Иоселе задремывал у отца на руках, видел во сне штыковой бой, кричал в ужасе:

– Тателе! Приснись поскорей, ты же можешь!..

Ушер старался изо всех сил, отчего снился Блюме, любимой жене своей, снился соседям по ближним и дальним улицам; даже полковые дамы из расквартированной поблизости инфантерии разглядывали, будто наяву, рыжекудрого красавца, а их мужья бессильно сжимали кулаки во снах, усматривая его безразличие при всеобщем дамском поползновении, – на дуэль не вызовешь, в рядовые не разжалуешь, на Кавказ не сошлешь. Все в округе видели по ночам Ушера, но в сны к Иоселе он пробиться не мог, чтобы уберечь и защитить.

Спрашивал с надеждой по утрам:

– Я тебе не снился?

– Нет, – плакал Иоселе. – Приснись, тателе, ну приснись!..

Не спал допоздна от страха ночей. Таращил в темноту глаза. Худел. Иссыхал. Трепетал – бабочкой на стекле. Не надеялся уже на отца, и Ушер иссыхал тоже.

В одну из ночей Иоселе сказал обреченно:

– Видел во сне турка.

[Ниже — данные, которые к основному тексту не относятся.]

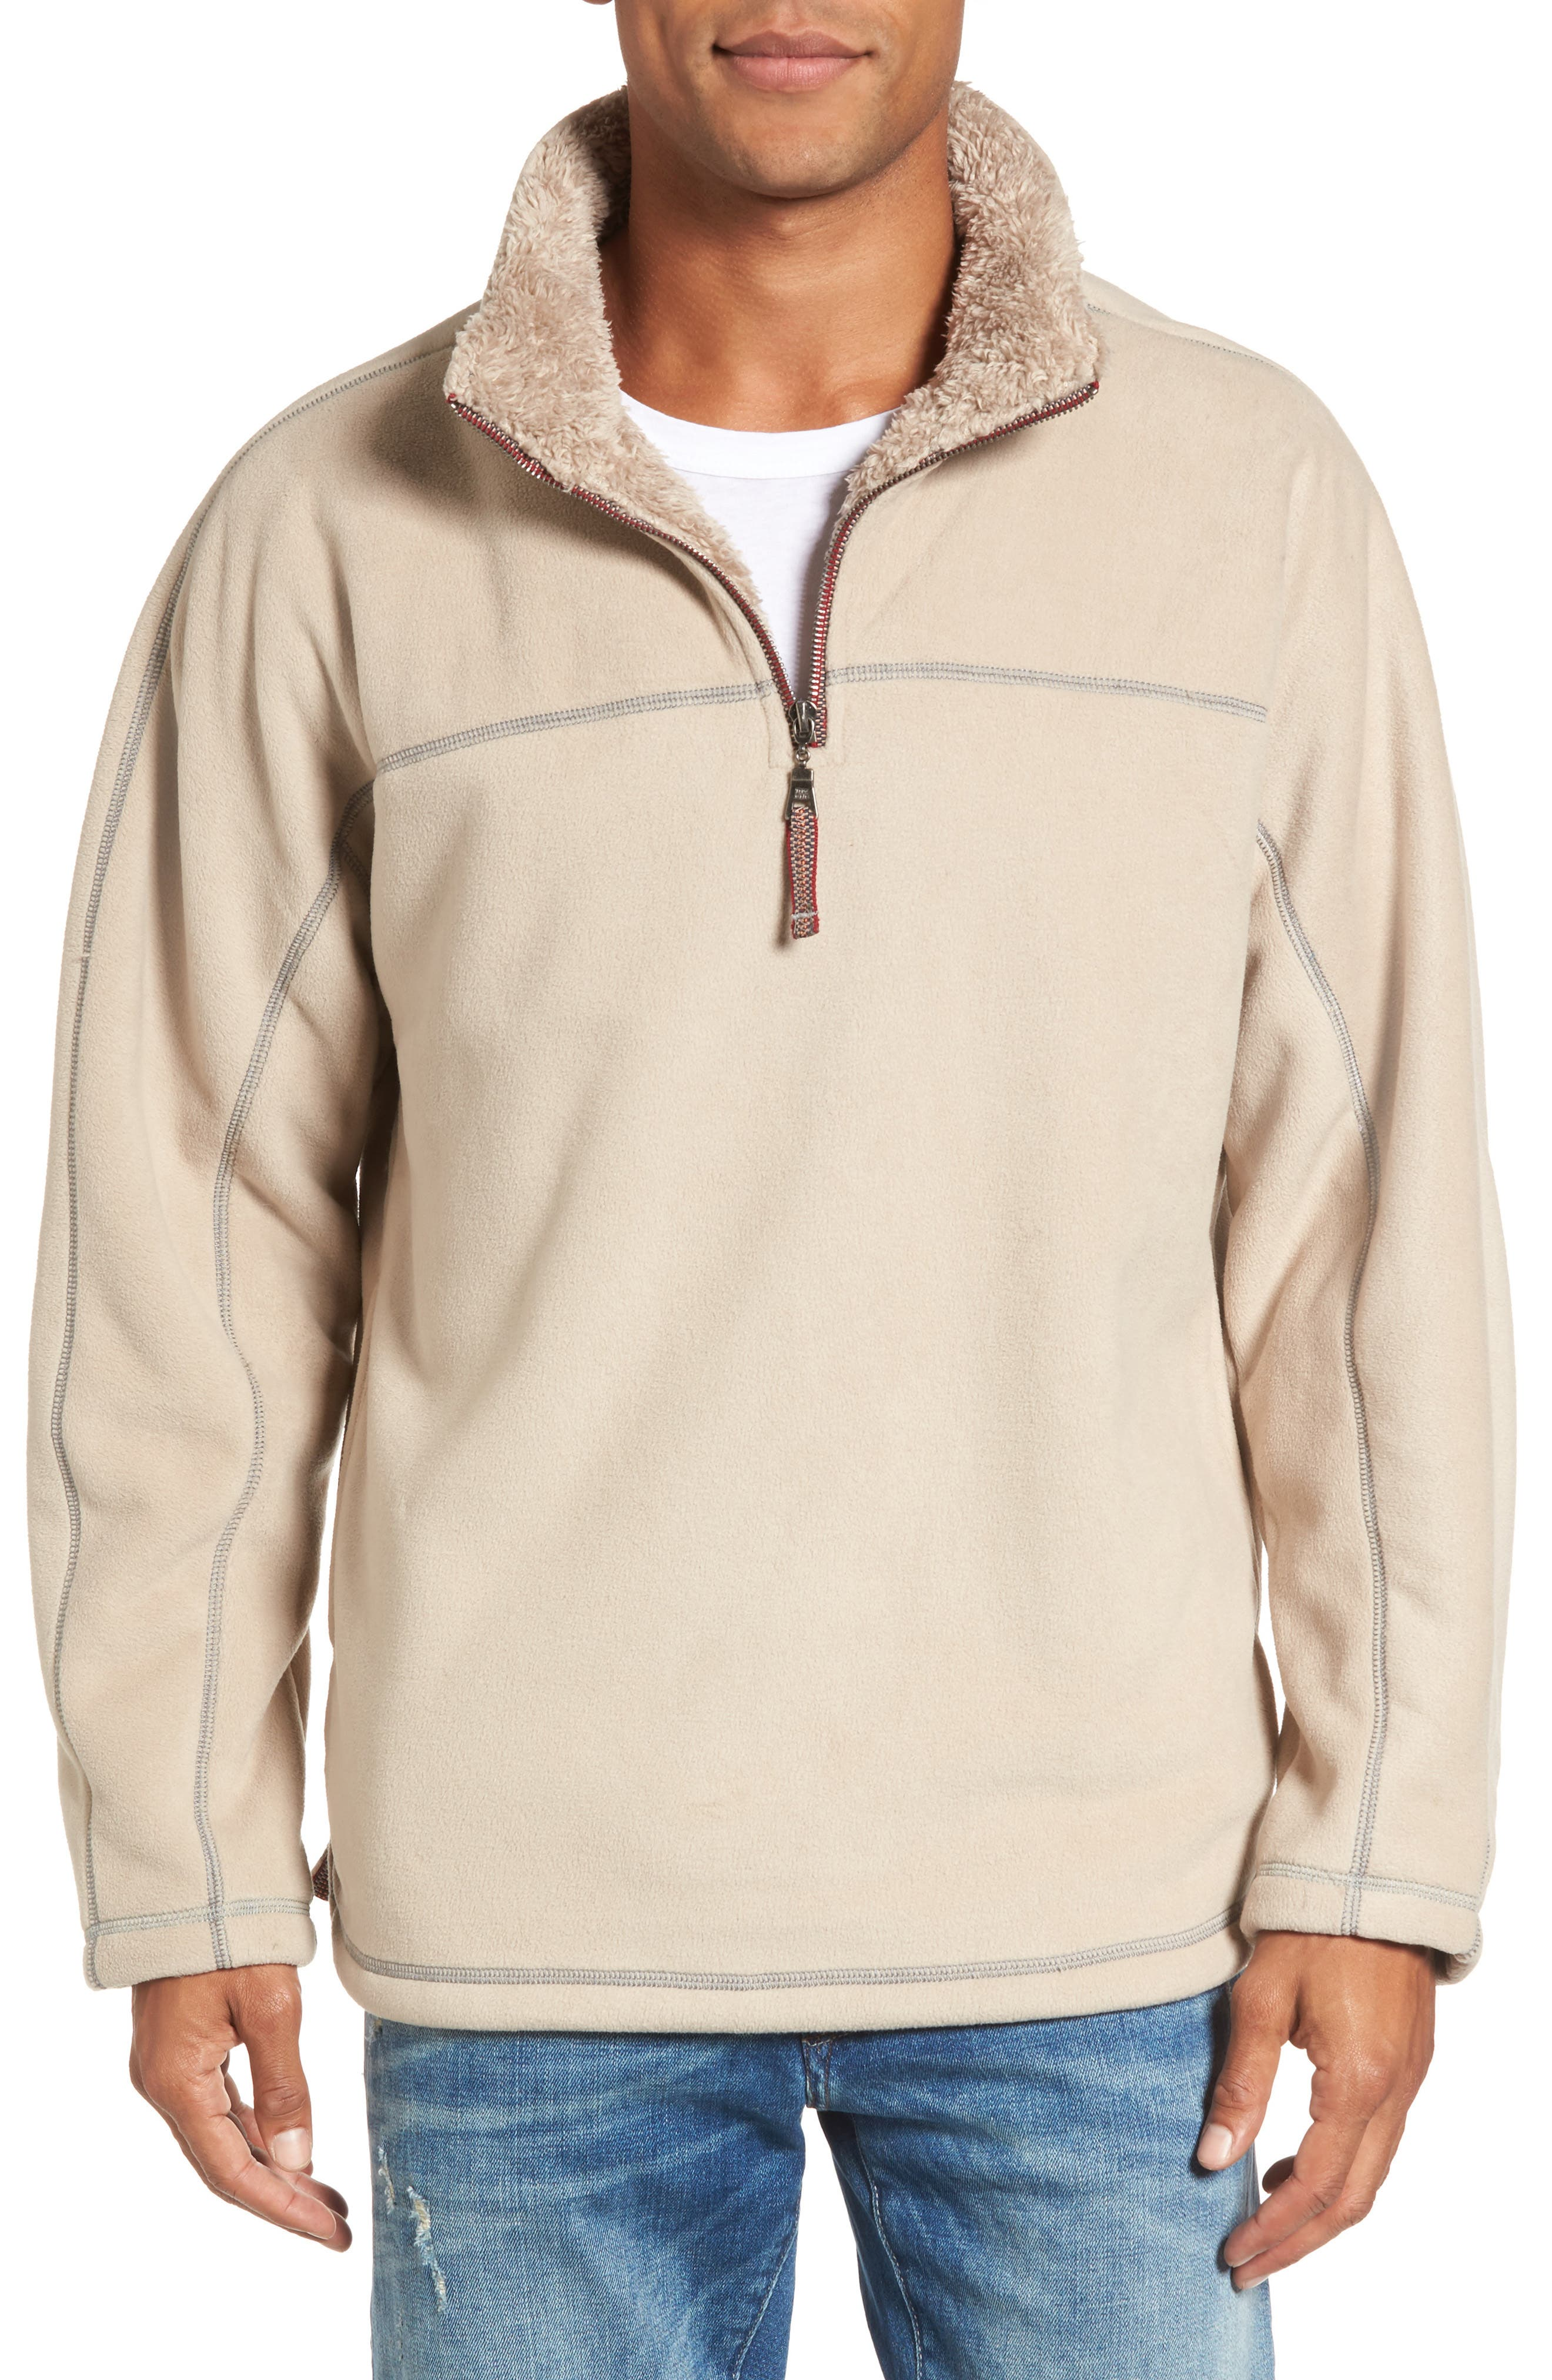 Bonded Polar Fleece Lined Pullover,                         Main,                         color, Sand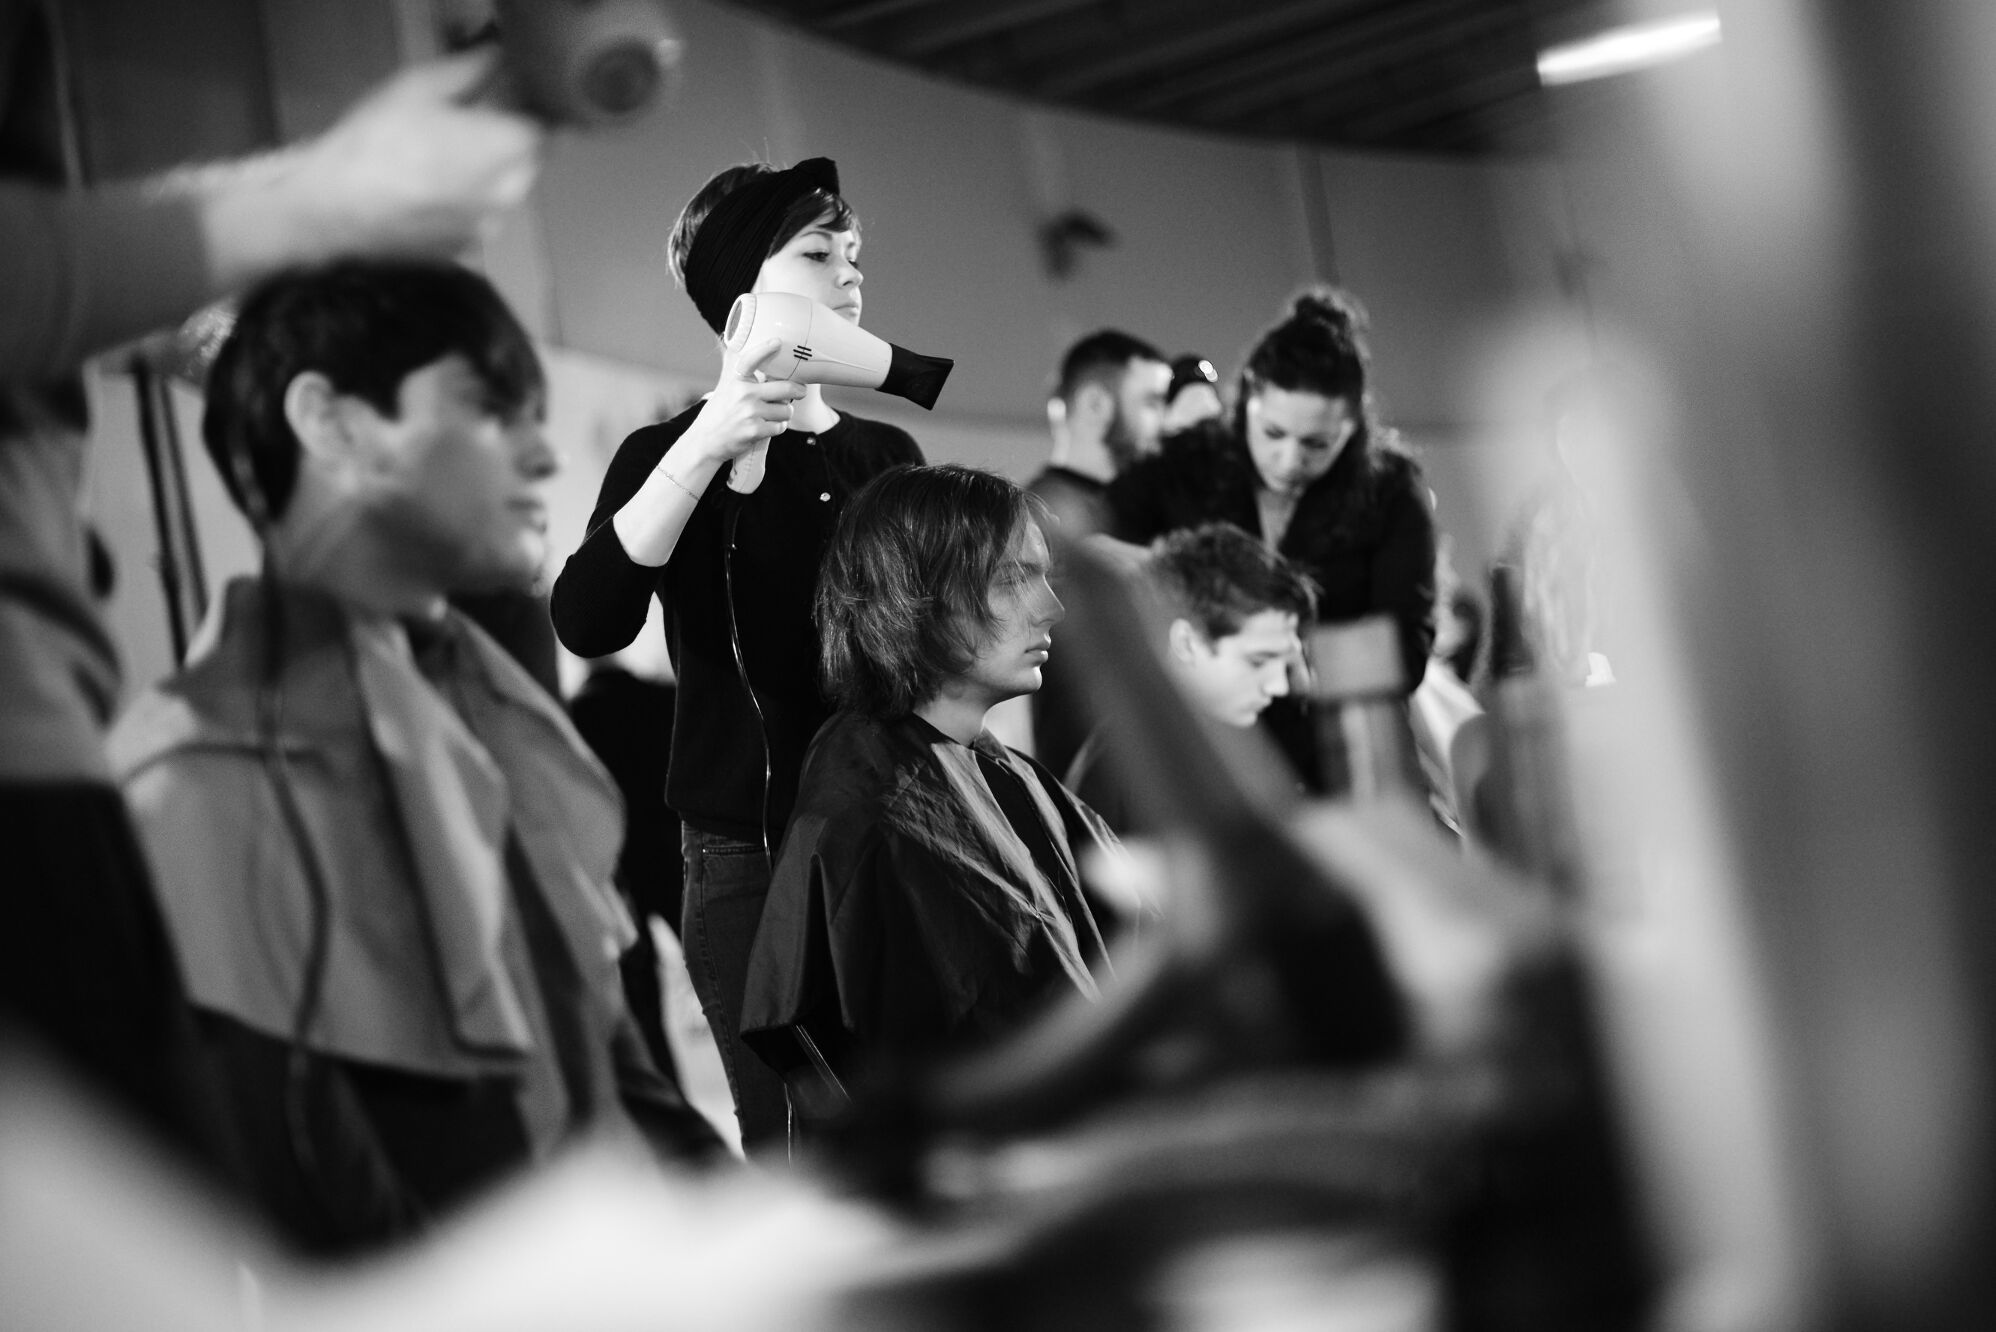 Backstage FW 2015 Hair Stylist Diesel Black Gold

Бежал на меня и штык наставлял. А спасать было некому…

– Холеру ему в пупок! – всполошилась Блюма, жена Ушера. – Этого нам не хватало…

Пошли к старой Цирле, которая разменяла полтора века и пережила всех стариков в губернии, выставили на стол угощение, сообщили про удивительные сновидения. Цирля не могла вдеть нитку в иголку, но завтрашний день видела, как вчерашний.

– Турок со штыком?.. – переспросила. – Кому как, а еврею не к добру. Невыплаканные слезы отцов отольются у их детей.

И родители стали беспокоиться за Иоселе…


…шла война.

Залегли на пути горы.

Гремливые потоки пенились на перекатах, холодя ноги.

Солдаты в окопах промерзали до костей, и Иоселе Шпильман промерзал тоже. От ледяной стужи и леденящей тоски.

– Вбый турка! – кричал унтер, но Иоселе не мог, не получалось: боязлив и робок сердцем.

Туча наползала на тучу – полыхнуть огнем. Земля сотрясалась от топота сапог на марше, а на привале наваливалось отчаяние и рушило наземь. Полынь в горле. Удручение в сердце. Сухари в ранце. Тени за ночь пристывали к телам, не желая отпадать с рассветом, нехотя оттаивали к полудню, и лишь тень Иоселе пугливо жалась к хозяйским ногам. На привалах под ее прикрытием гомозились непуганые голуби; Иоселе сыпал им сухарные крошки, а они их подбирали, будто расклевывали на земле его подобие.

– Вбый турка, вбый, вбый! – требовал унтер и утеснял Иоселе, понуждал коленом под зад, когда не замечало начальство, а колено у него было каменное.

Вся рота называла его «Иоселе, вбый турка», вся рота потешалась над слабосильным новобранцем, изнуренным холодами и скорбью, а он был младенцу подобен, младенцу, подброшенному к чужому крыльцу, у порога недоброго жилища. Иоселе лежал на спине долгими ночами, взглядом, мыслью, тоской пробивался в небеса, а оттуда в небеса небес в ожидании отклика, совета, поручения, – вот человек, прикованный к ранцу, штыку и прикладу. Слеза запекалась в глазу, мешая смаргивать. Желчь разливалась по округе в горечи прегорчайшей. Отчаяние сотрясало миры, стоном отзываясь в горах. Истаивали вокруг сожаления, ненависть оголяла сердца, а он шептал истово сказанное во дни позабытые: «Опротивела душе моей такая жизнь…»

Ядром оглаживало. Картечью щекотало. Пулей дырявило. Подсаживался на привале справный солдат Ваня Ключик, ростом низок, норовом петушист, говорил с пониманием:

– Спрашивай бывалого, Ося, а тебе ответят.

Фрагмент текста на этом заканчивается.